# ABOUT THIS TASK
Find the line containing "संसद विघटनविरुद्ध सहिद" in the listing below; reproduce it and every line after, exactly. Skip pictures.

# DATASET CONTENT

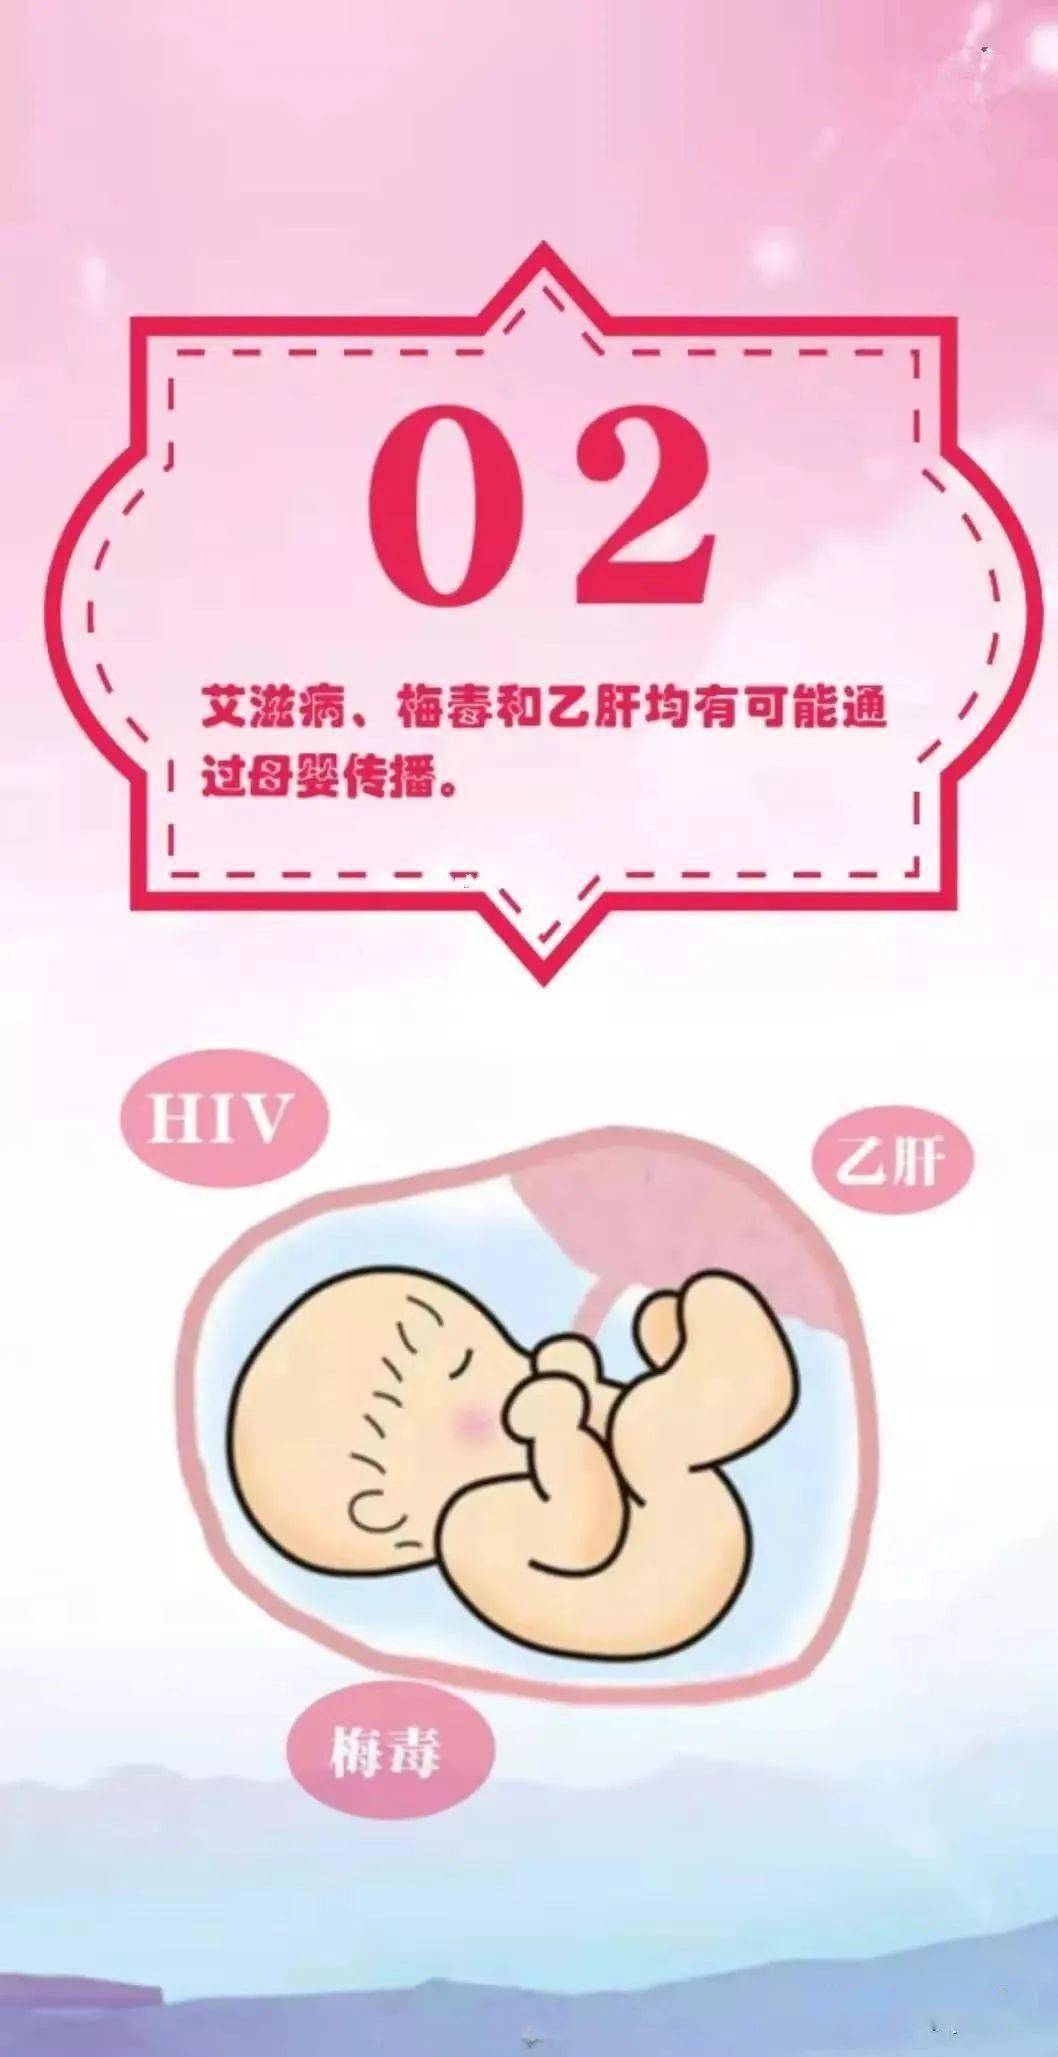 中国预期2025年消除艾滋病,梅毒和乙肝母婴传播
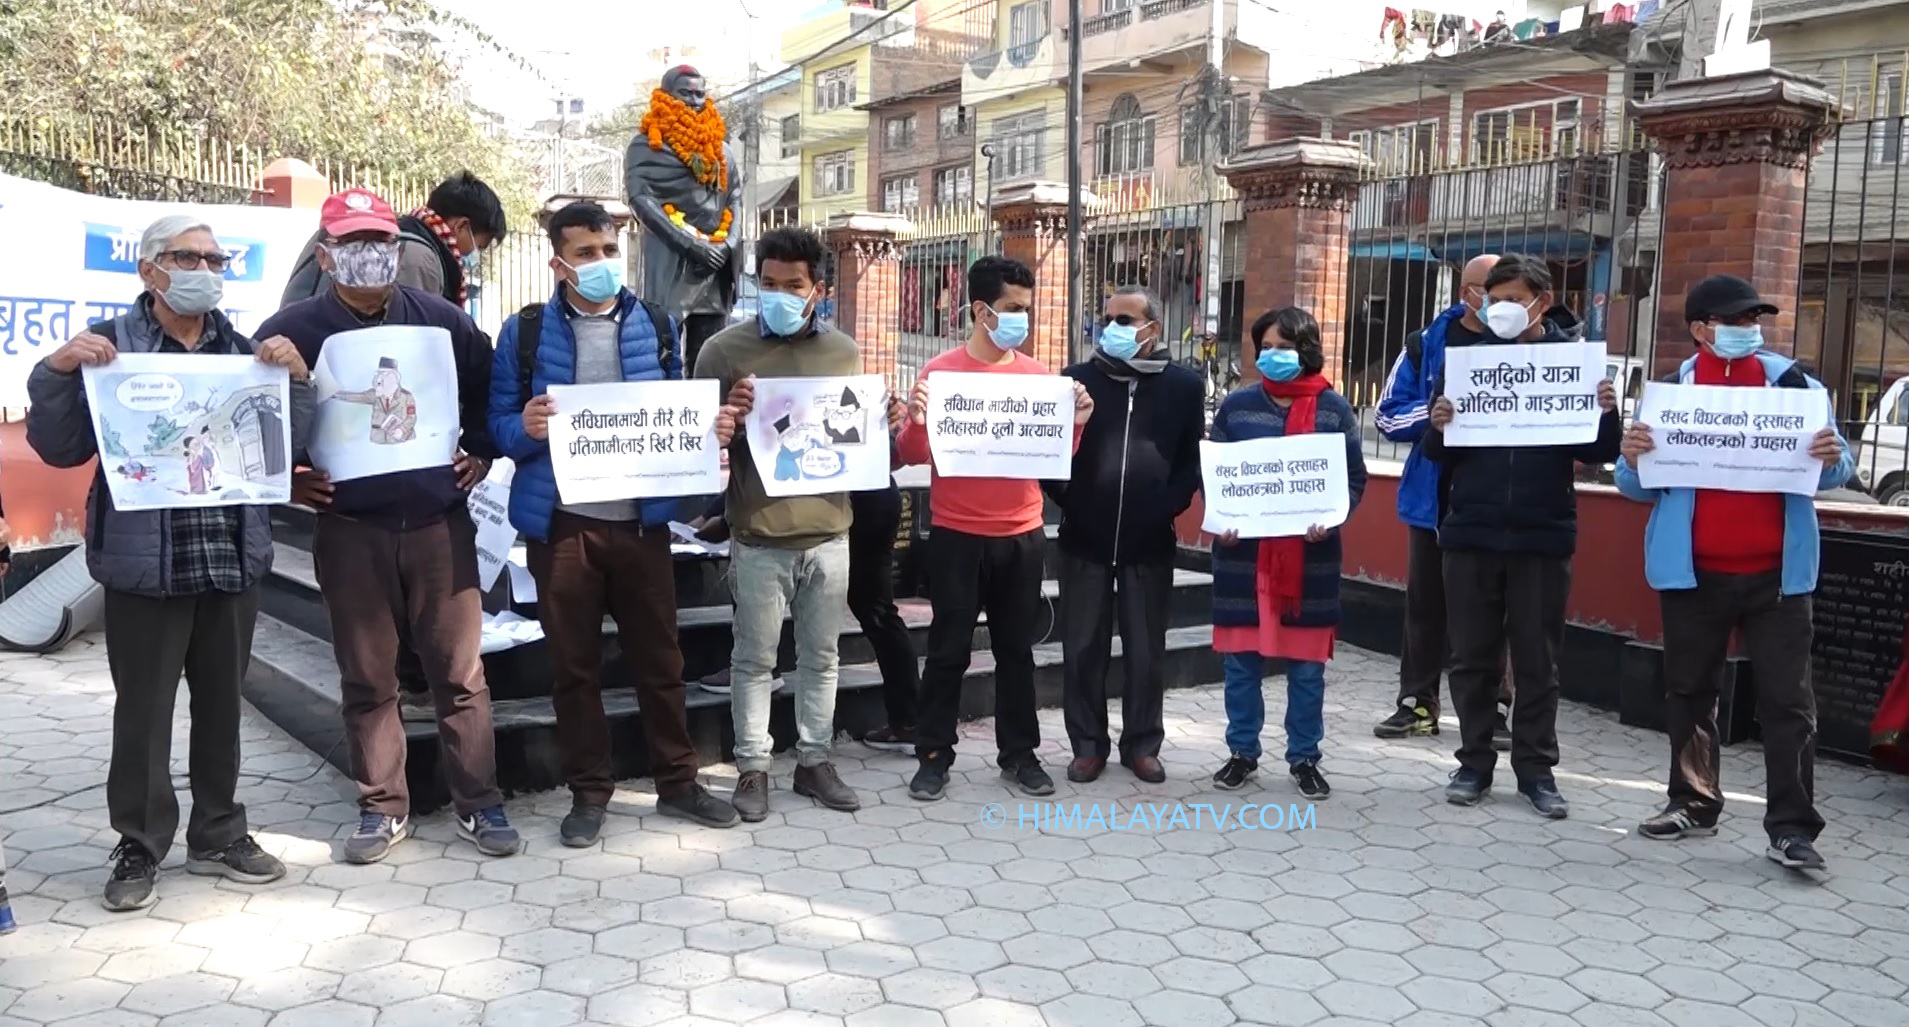 संसद विघटनविरुद्ध सहिद धर्मभक्तले बलिदान दिएको स्थानमा नागरिक समाजको प्रदर्शन
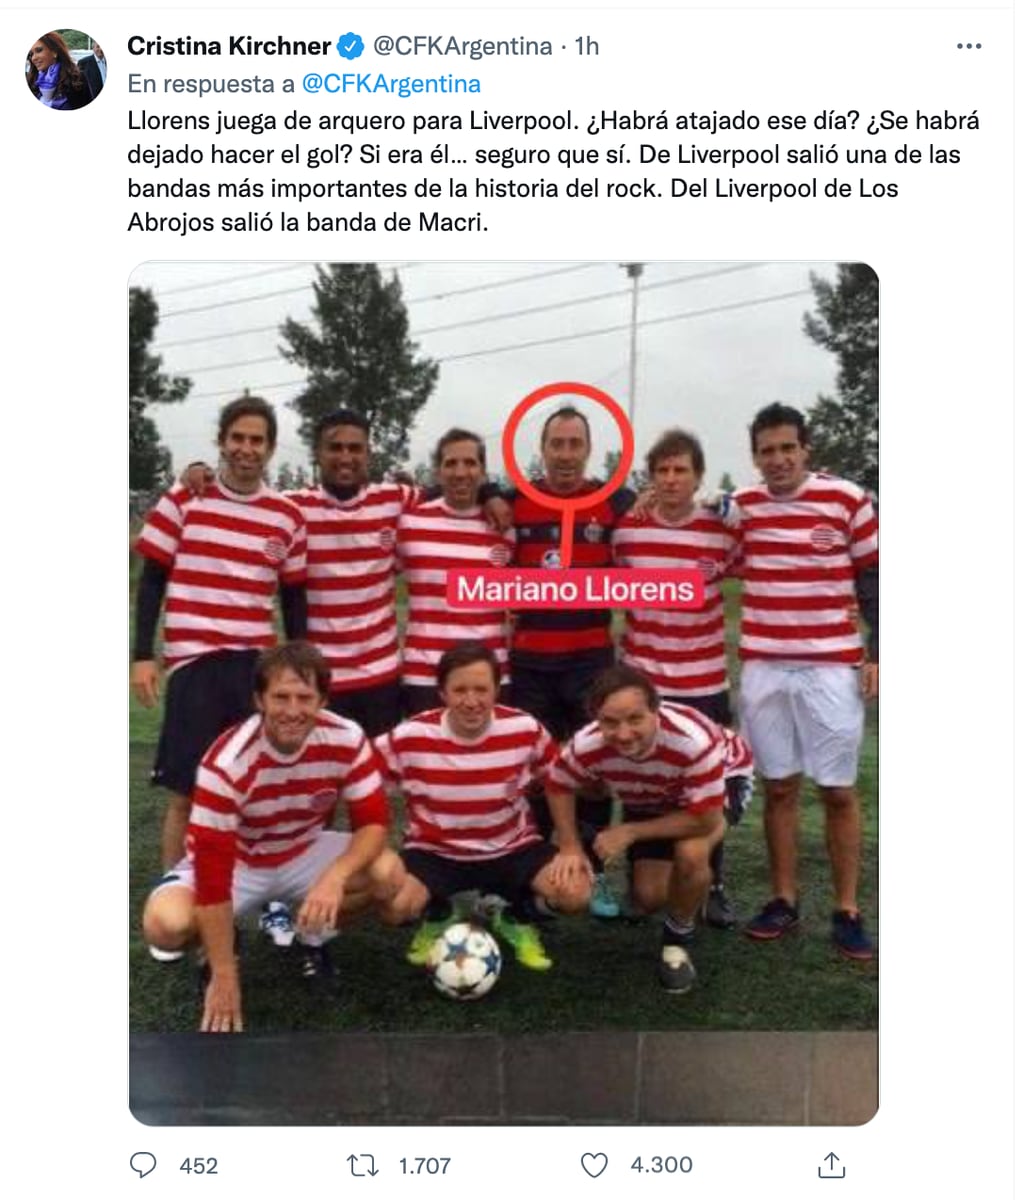 El tuit que señala a Mariano Llorens como integrante del equipo de fútbol.

# ANSWER SPACE
 संसद विघटनविरुद्ध सहिद धर्मभक्तले बलिदान दिएको स्थानमा नागरिक समाजको प्रदर्शन
 El tuit que señala a Mariano Llorens como integrante del equipo de fútbol.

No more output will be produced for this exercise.